▶ **What the task requires**: Below are some records. Retype exactly the lines from the one containing "NYC park flower bloom" through the one containing "Black Men Solid", both included, skipping every picture.

▶ **Raw data**:
---+---

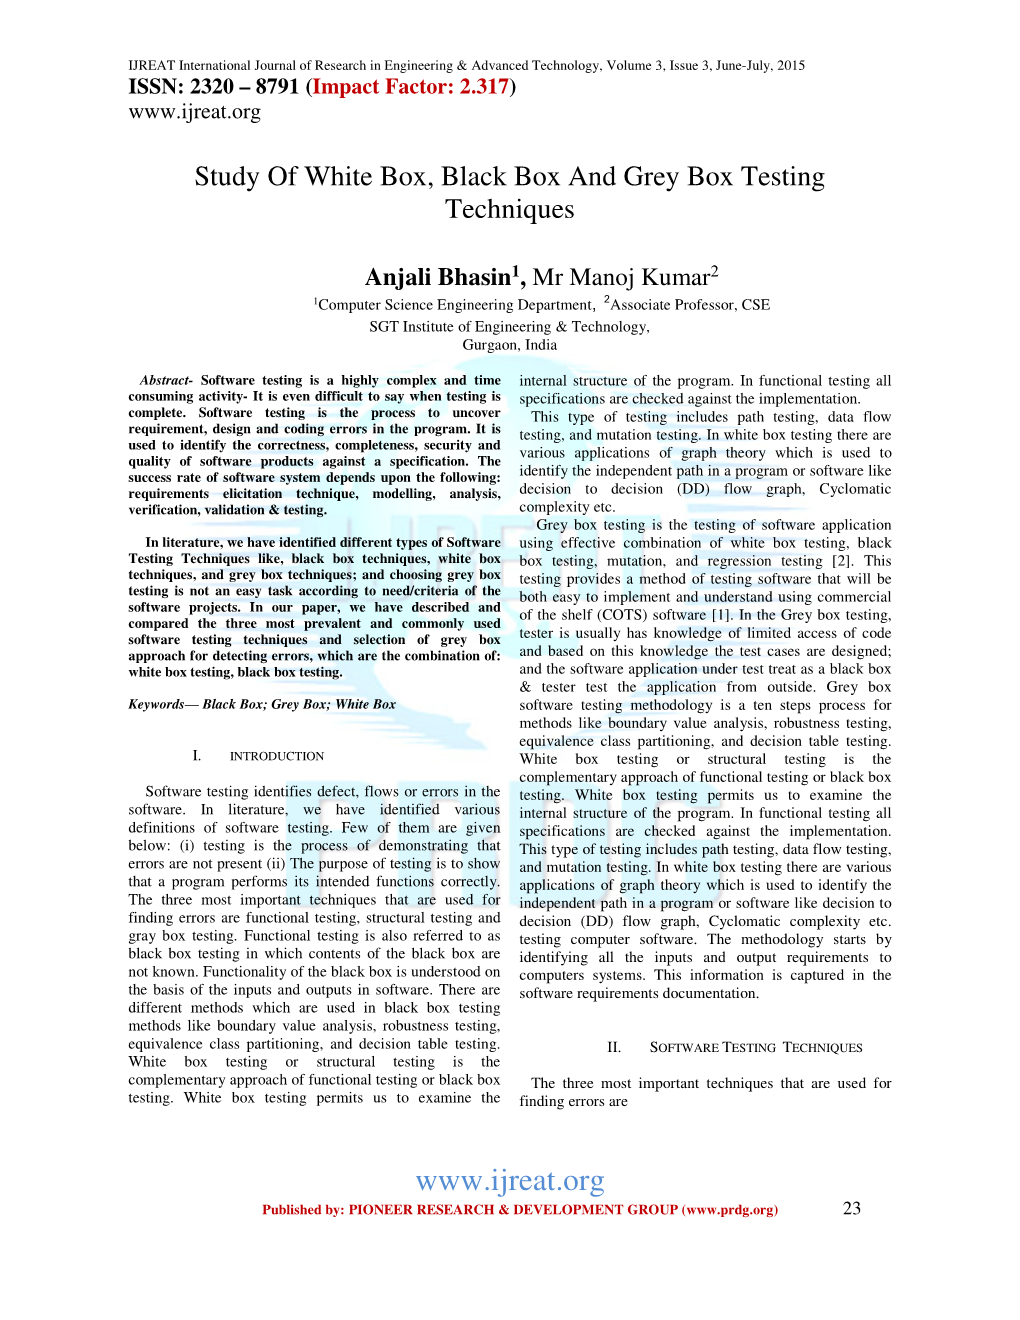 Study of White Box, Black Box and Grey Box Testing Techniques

---+---

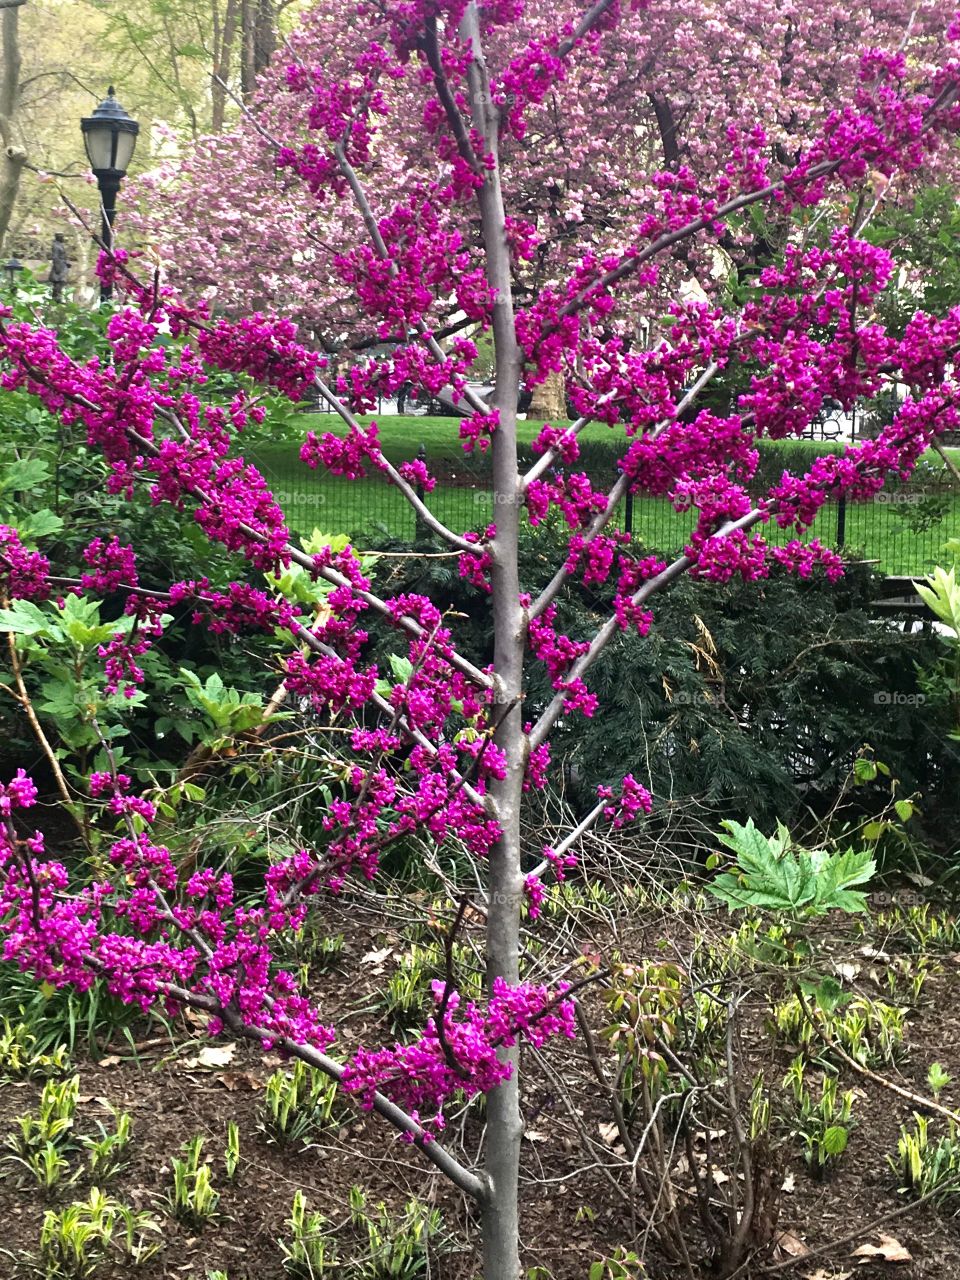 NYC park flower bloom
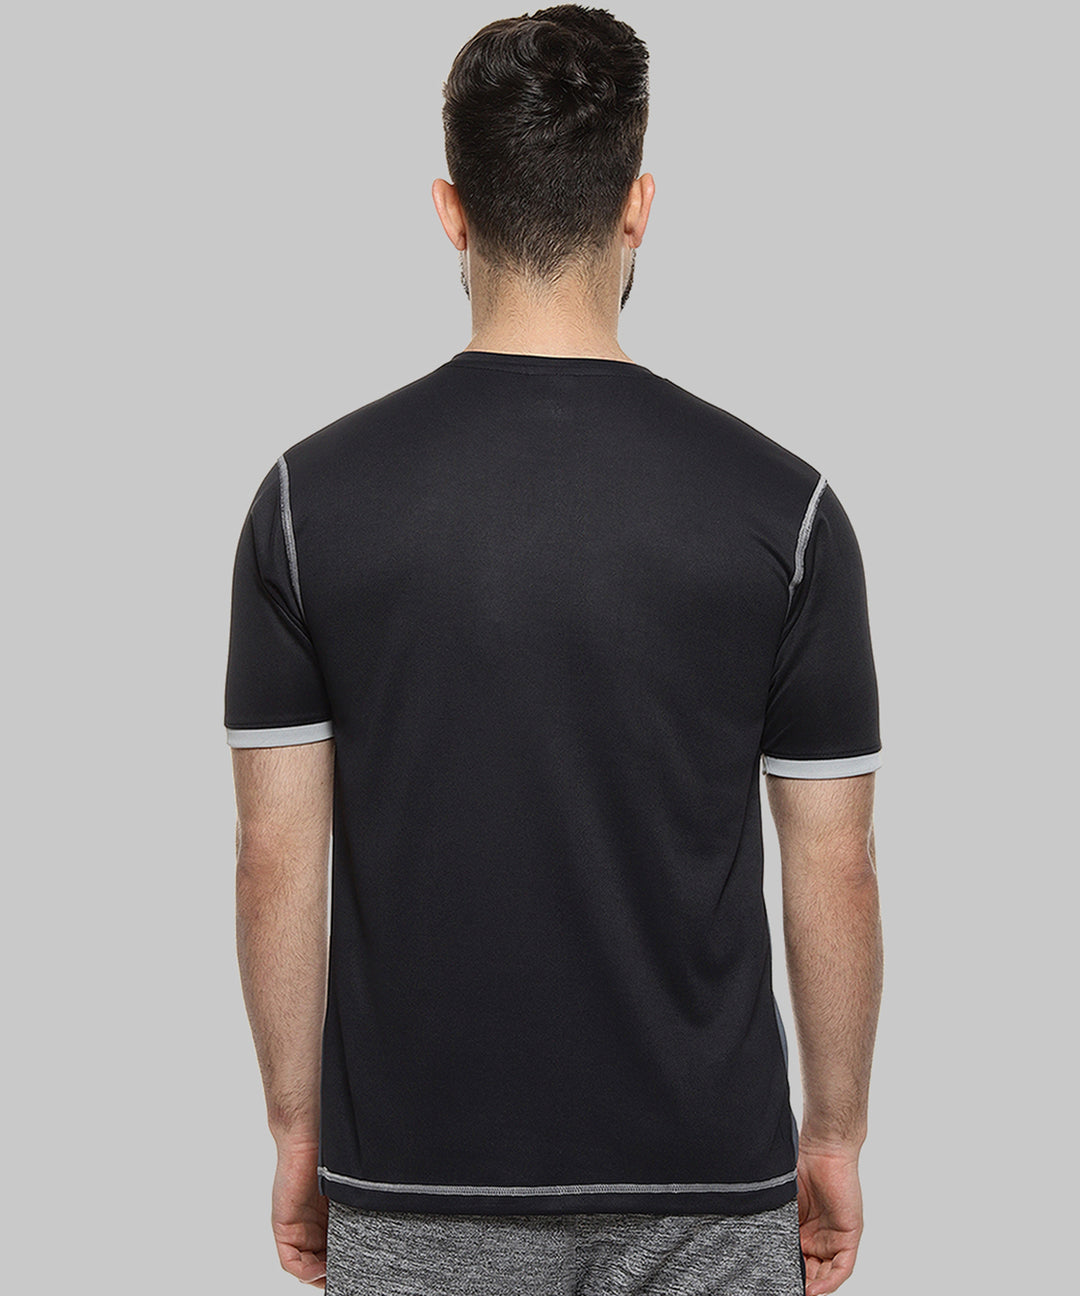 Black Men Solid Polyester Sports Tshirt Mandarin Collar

---+---

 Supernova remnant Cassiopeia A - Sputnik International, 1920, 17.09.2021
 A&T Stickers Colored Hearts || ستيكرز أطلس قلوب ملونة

---+---

▶ **Exercise answer**:
 NYC park flower bloom
 Black Men Solid Polyester Sports Tshirt Mandarin Collar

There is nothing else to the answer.